Quarter Ended June 30, 2008

Homebuilding revenues declined 41.1% for the quarter ended June 30, 2008, due to both a 36.9% decline in home closings and an 8.8% decline in average selling price from the same period in the prior fiscal year. Home closings declined in all regions, with the most significant declines in the Southeast, the West and Florida. Net new home orders totaled 1,774, a decline of 41.8% from the prior fiscal year. The cancellation rate for the quarter was 36.8%, comparable to 36.3% and 33.7% experienced for the same period in the prior fiscal year and in the second quarter of this year, respectively.

During the third quarter, margins continued to be negatively impacted by both the average sales price decline and reduced closing volume as compared to the same period a year ago. In addition, the Company incurred pre-tax charges to abandon land option contracts of $27.8 million, and to recognize inventory impairments of $67.7 million, impairments in joint ventures of $18.5 million, and goodwill impairments $4.4 million. The goodwill impaired relates to the Company's operations in Colorado, which the Company decided to exit during the third quarter. The Company also decided to exit the Fresno, CA market during the third quarter.

The Company controlled 46,224 lots at June 30, 2008 (72% owned and 28% controlled under options), reflecting reduction of approximately 15% and 36% from levels as of March 31, 2008 and June 30, 2007, respectively. As of June 30, 2008, unsold finished homes totaled 300, declining by approximately 32% and 65% from the level a year ago and as of September 30, 2007, respectively. The Company has substantially reduced its land and land development spending, which totaled $275 million year to date this year, compared to $694 million for the same period in the prior year.

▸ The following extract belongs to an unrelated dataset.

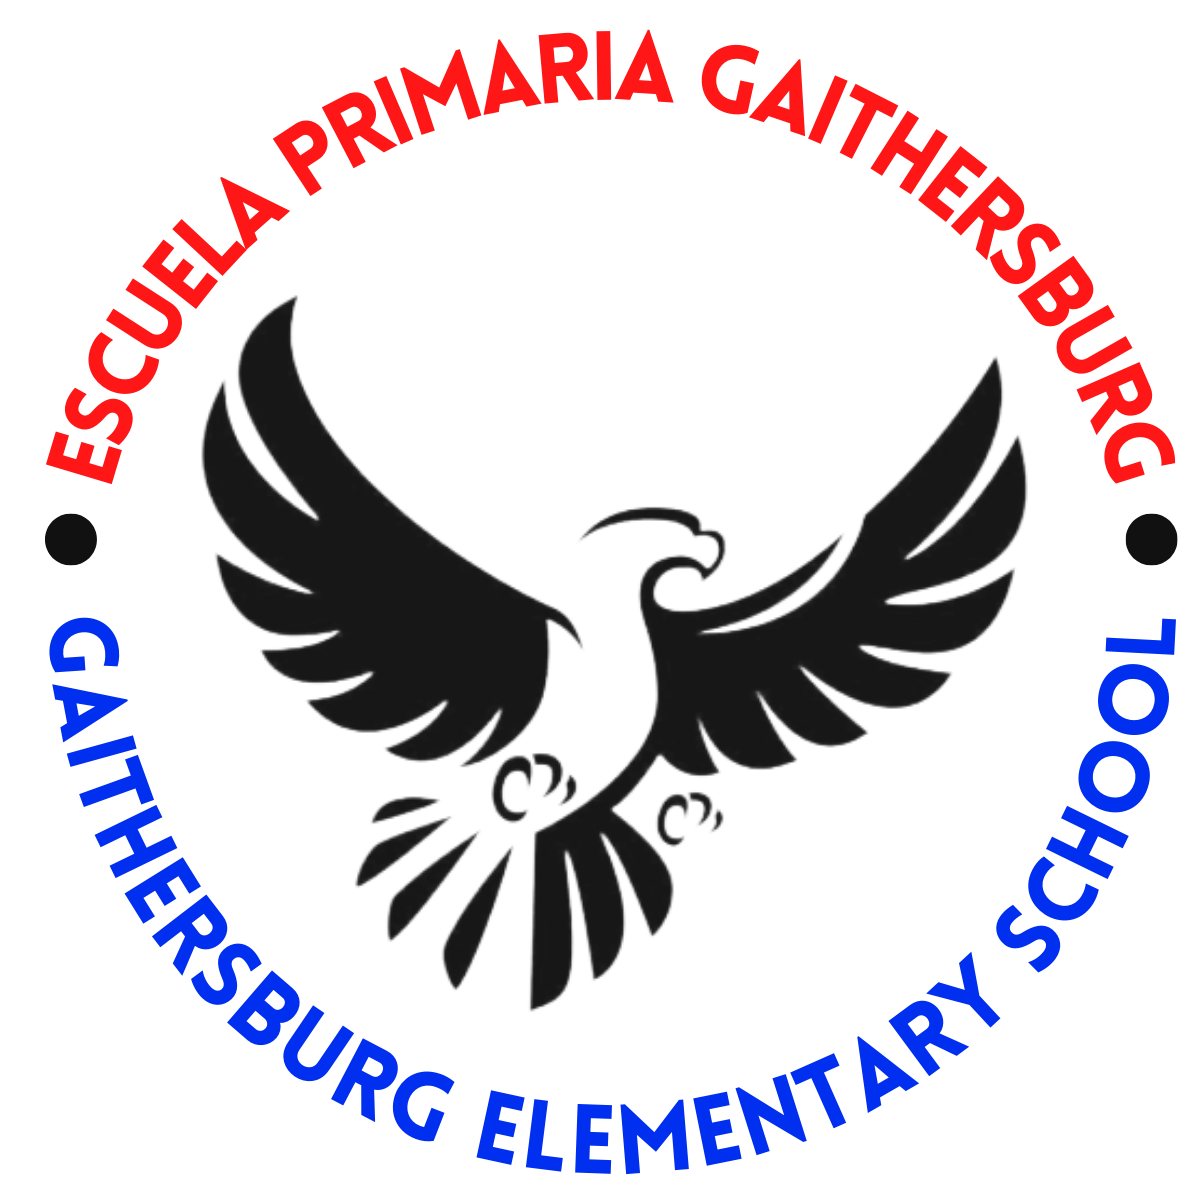 Escuela la primaria Gaithersburg, Gaithersburg Elementary School Eagle Logo
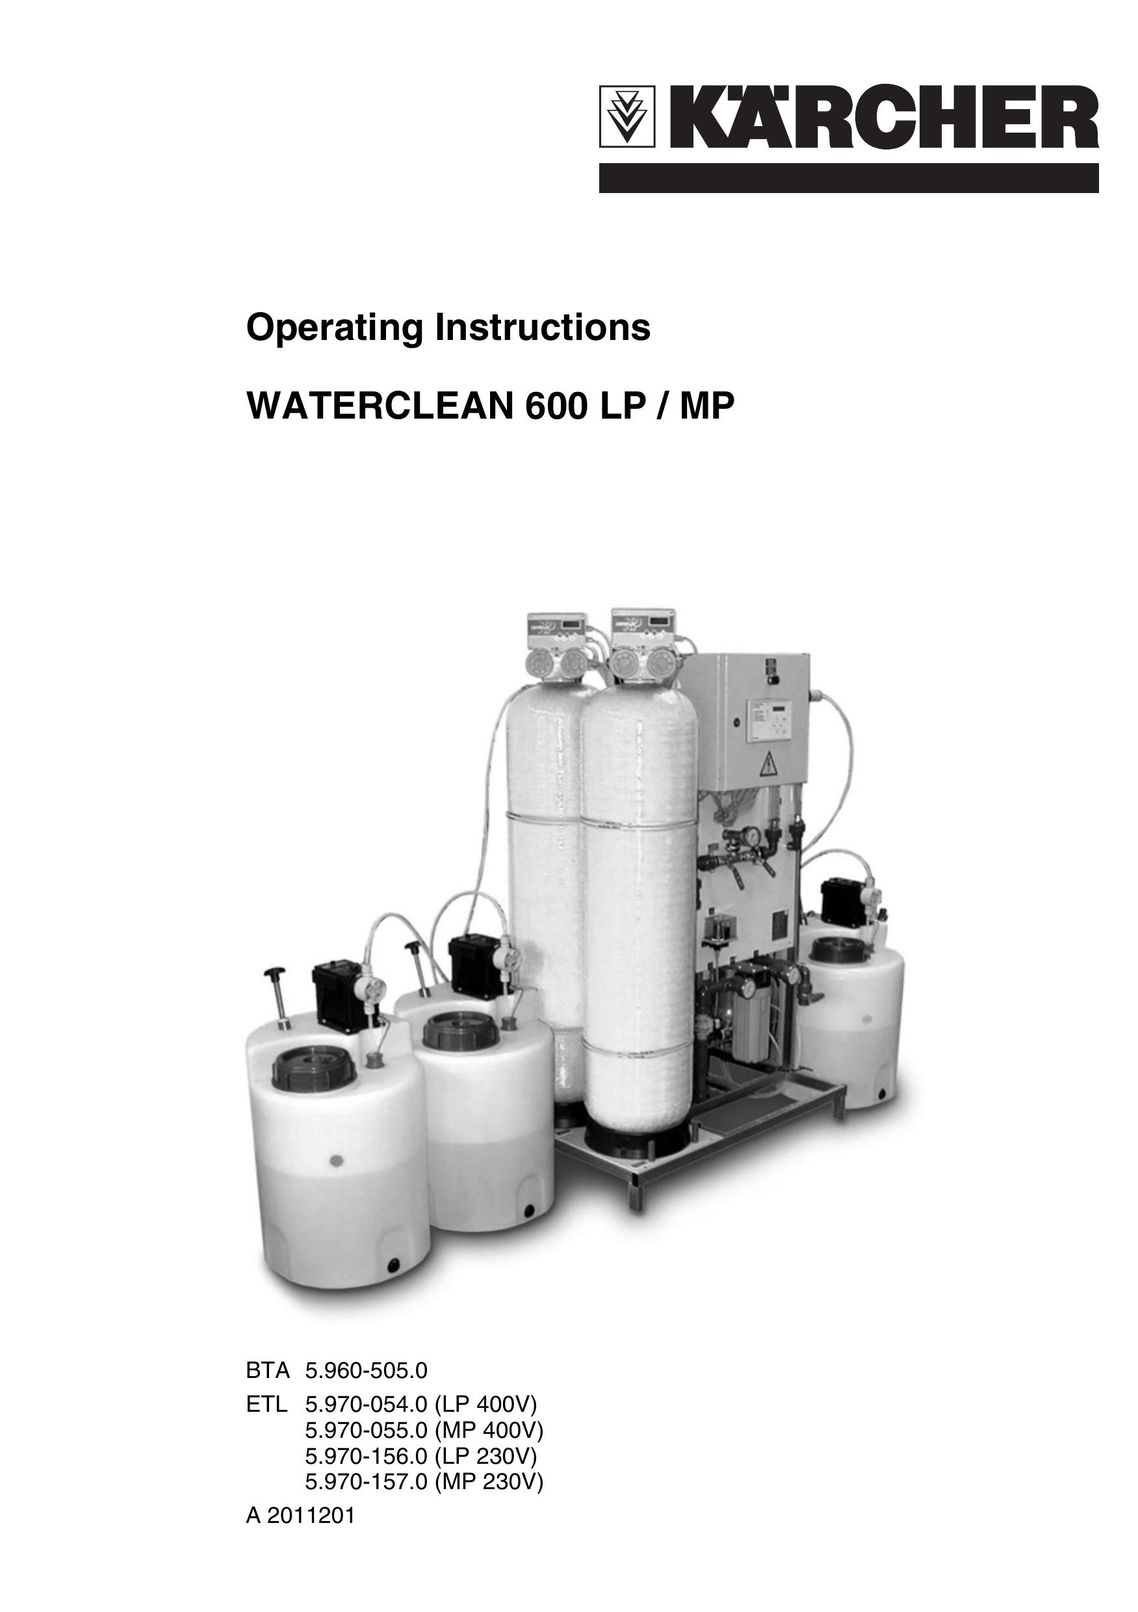 Karcher 600 LP Water System User Manual

At June 30, 2008, the Company had a cash balance of $314.2 million, an increase from $273.7 million as of March 31, 2008. Cash provided by operating activities for the three and nine months ended June 30, 2008 was $52.1 and $24.5 million, respectively. As previously disclosed, the Company received a cash tax refund of approximately $55.8 million during the third quarter relating to a fiscal 2007 net operating loss carried back to fiscal 2005. In addition, the sale of two condominium projects in Virginia was concluded in July, subsequent to the end of the fiscal third quarter, with net proceeds totaling approximately $85.0 million. The Company currently expects to generate positive cash flow in its fiscal fourth quarter, historically its seasonally strongest quarter in terms of closings.

Revolving Credit Facility

On August 7, 2008, the Company entered into an amendment to its revolving credit facility which changed the size, covenants and pricing of the facility. The Company achieved its principal objective in the amendment negotiation - namely, gaining additional financial flexibility during the current housing downturn by modifying or eliminating certain restrictive covenants - by agreeing to reduce the size of the facility, increase collateralization requirements and increase pricing paid to the bank group. In addition, to minimize uncertainty regarding real or perceived consequences of potential further deterioration in the Company's financial metrics over the next three years, the Company and the bank group also agreed to a framework that will further reduce the size of the facility, and increase collateralization and pricing if particular financial metrics are not maintained. The Company believes this framework eliminates many of the circumstances that might otherwise lead to the requirement for future facility amendments.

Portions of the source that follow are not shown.